Portrait of the Viewer as a Butterfly

Medium

oil on canvas

Dimensions

20"x 20"

Cost

$1,500

Description

In my life and art practice I consider the qualities of separation and oneness. Are we existentially isolated within our separate bodies, are we integral parts of a collective whole that we are only obliquely aware of, or are we simultaneously both?

These deep-spaced paintings were inspired by the Hellenistic philosophy of Plotinus, who believed that all beings are intrinsically important pieces of a larger whole, like how every jigsaw piece is necessary to create a full image. The deep skies, which represent the world beyond us, are paired with specific foreground imagery (birds, butterflies, etc.) which are depicted with more detail and specificity than their environments, suggesting that we relate to them as individuals. The deep and near are depicted together in overlapping layers that suggest that although we are individual actors playing out our lives, we are part of a larger system which we can only partially understand from our limited vantage points. My toenail does not know that it is part of me nor that the “I” it is part of likes sitcoms, existential philosophy, and dry wine. We, being so much more than the sum of our body parts, can realize that our understandings of our experiences are limited, and this series plays with the endless possibilities that offers.

My aesthetic visualization of some such possibilities as paintings were inspired by reading about quantum loop theory in the books of Carlo Rovelli, including The Order of Time, and this exhibition’s namesake, Reality is Not What it Seems.

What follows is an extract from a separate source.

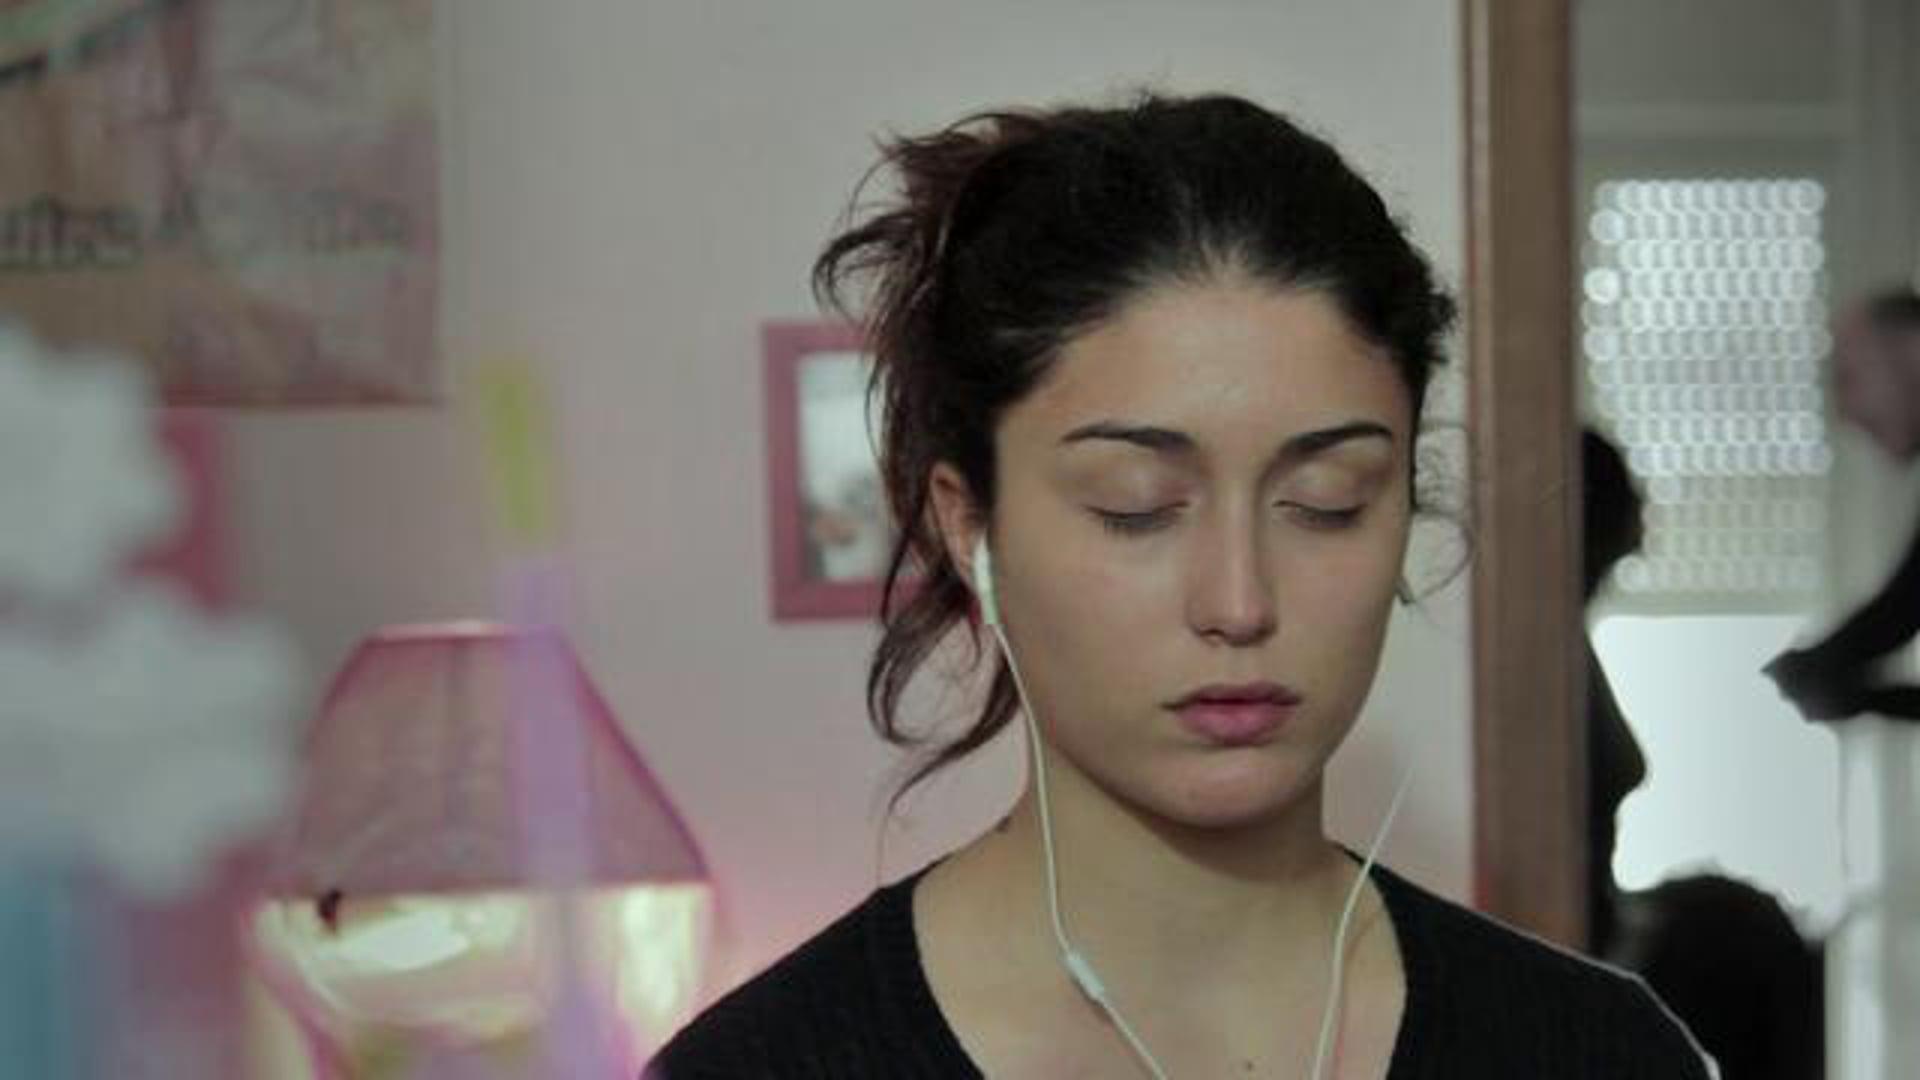 Battiti (Heartbeats) a short film - ENG sub

In the series multiple versions of the same sky or multiple different skies are depicted within one image, suggesting that multiple understandings of reality could be simultaneously valid.

To create the work in this exhibition I painted several preliminary oil paintings of skies. I had those photographed and I had the photos of them printed on cotton and paper, which I warped, tore, and then photographed. I next took the images of the preliminary paintings, the images of them on manipulated paper and fabric, as well as photos of skies I had painted into previous other paintings and collaged them together digitally in Photoshop. Next, I had those collages printed on canvas. Lastly, I painted more on top of the canvas primarily with oil paint and in some cases acrylic and metal leaf.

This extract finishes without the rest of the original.